RECORDED DATA section start

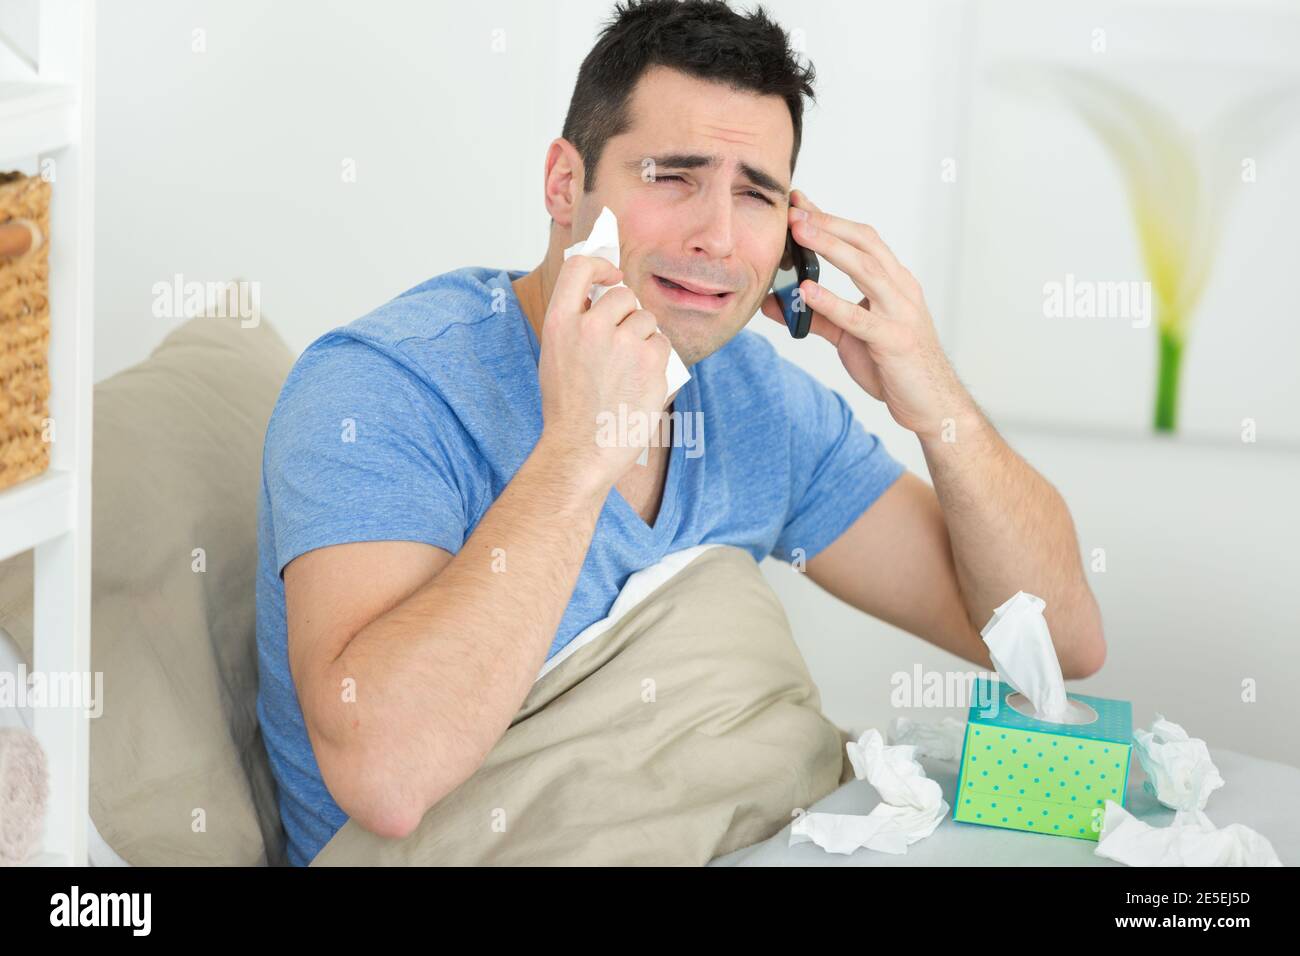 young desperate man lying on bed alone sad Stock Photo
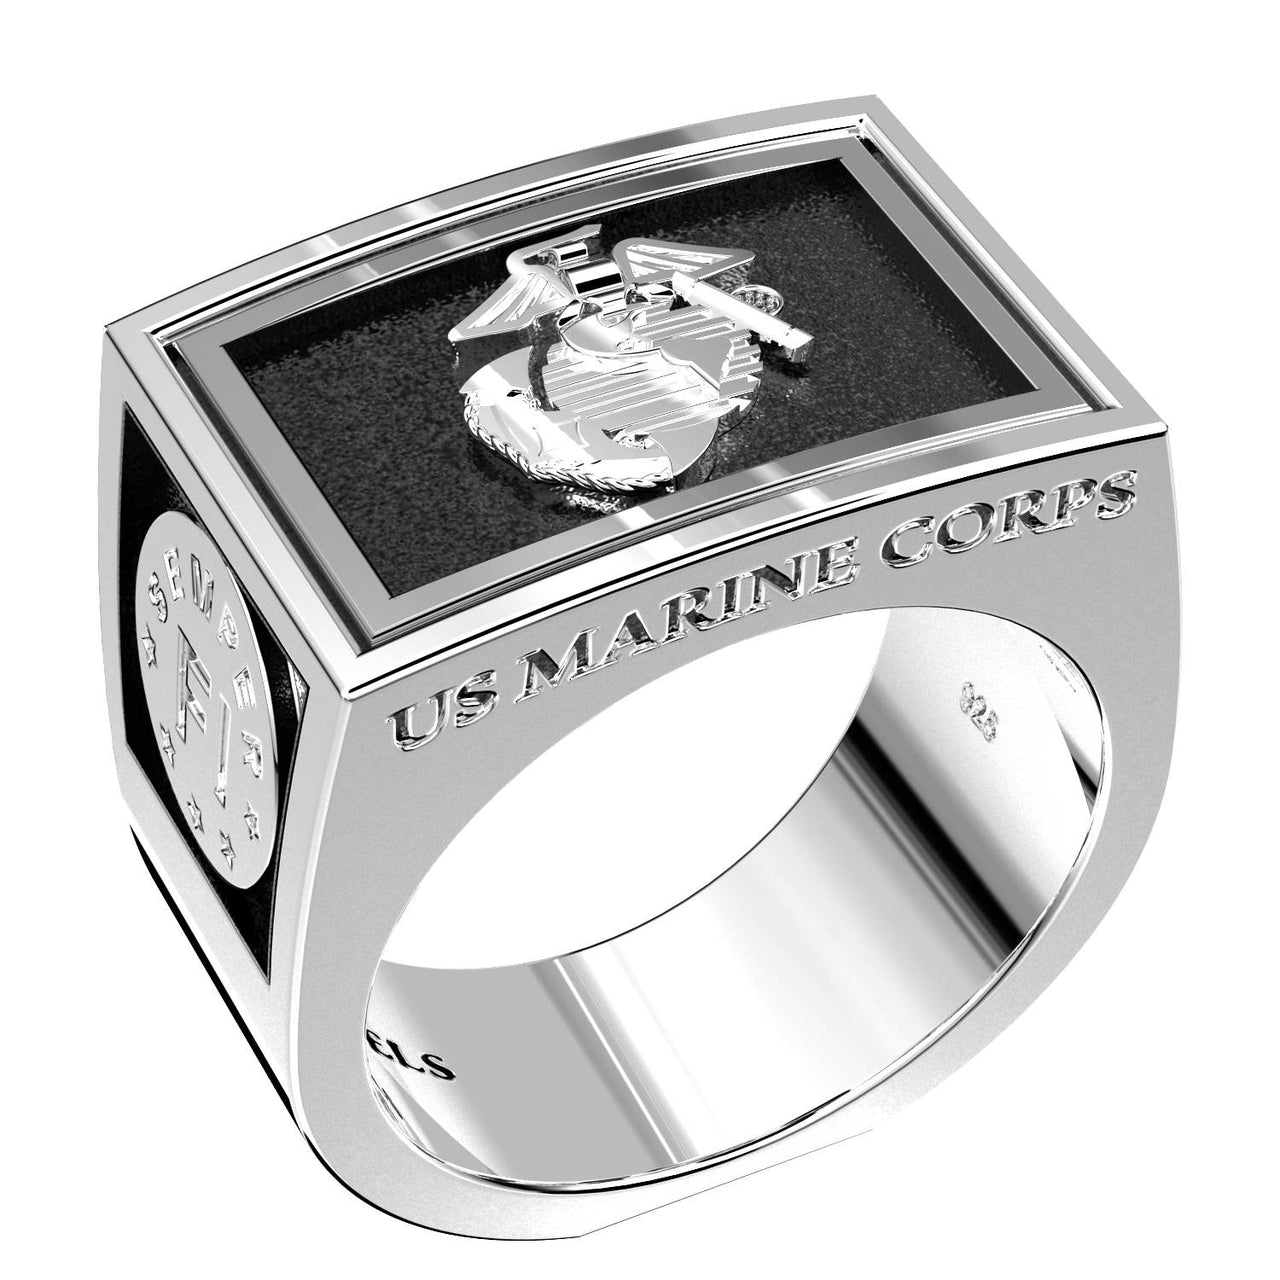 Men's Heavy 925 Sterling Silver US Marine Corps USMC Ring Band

RECORDED DATA section end
RECORDED DATA section start

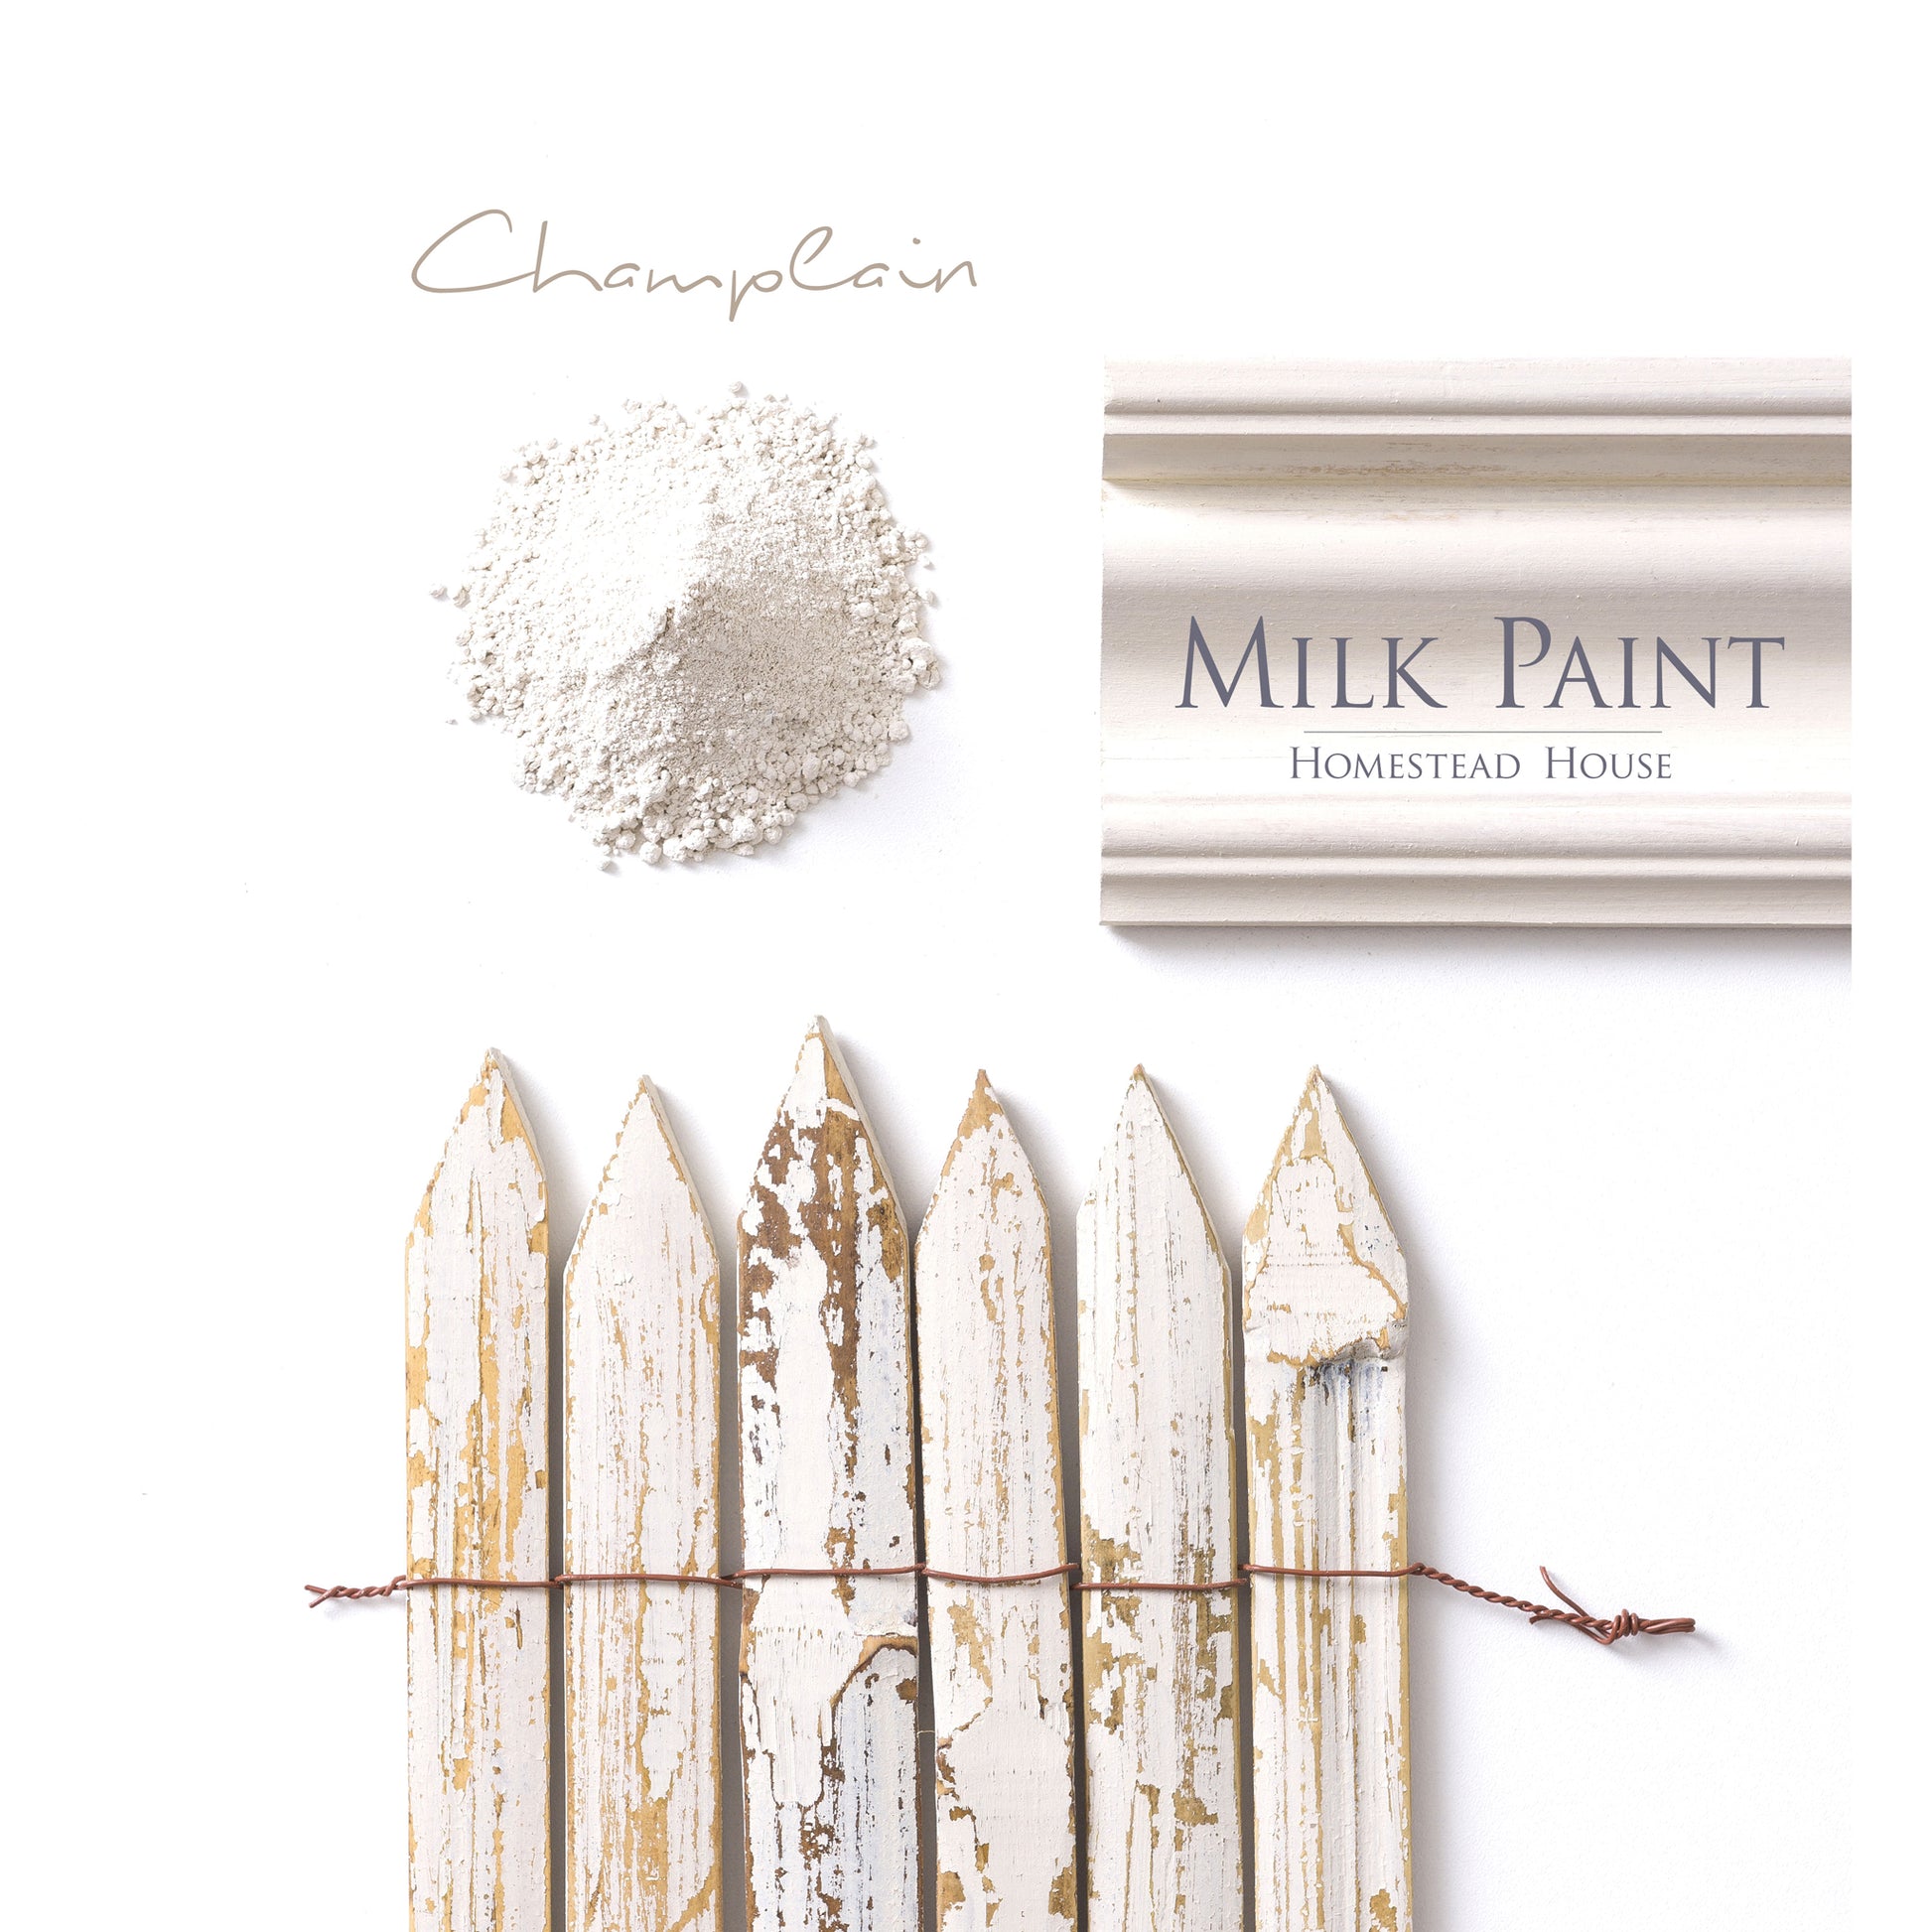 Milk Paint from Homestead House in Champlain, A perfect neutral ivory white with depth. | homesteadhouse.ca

RECORDED DATA section end

**TASK GOAL**
Would you print exactly the lines in the listing above, from the line bearing "young desperate man" through the line bearing "Men's Heavy 925", leaving out all pictures?

**EXERCISE RESULT**
 young desperate man lying on bed alone sad Stock Photo
 Men's Heavy 925 Sterling Silver US Marine Corps USMC Ring Band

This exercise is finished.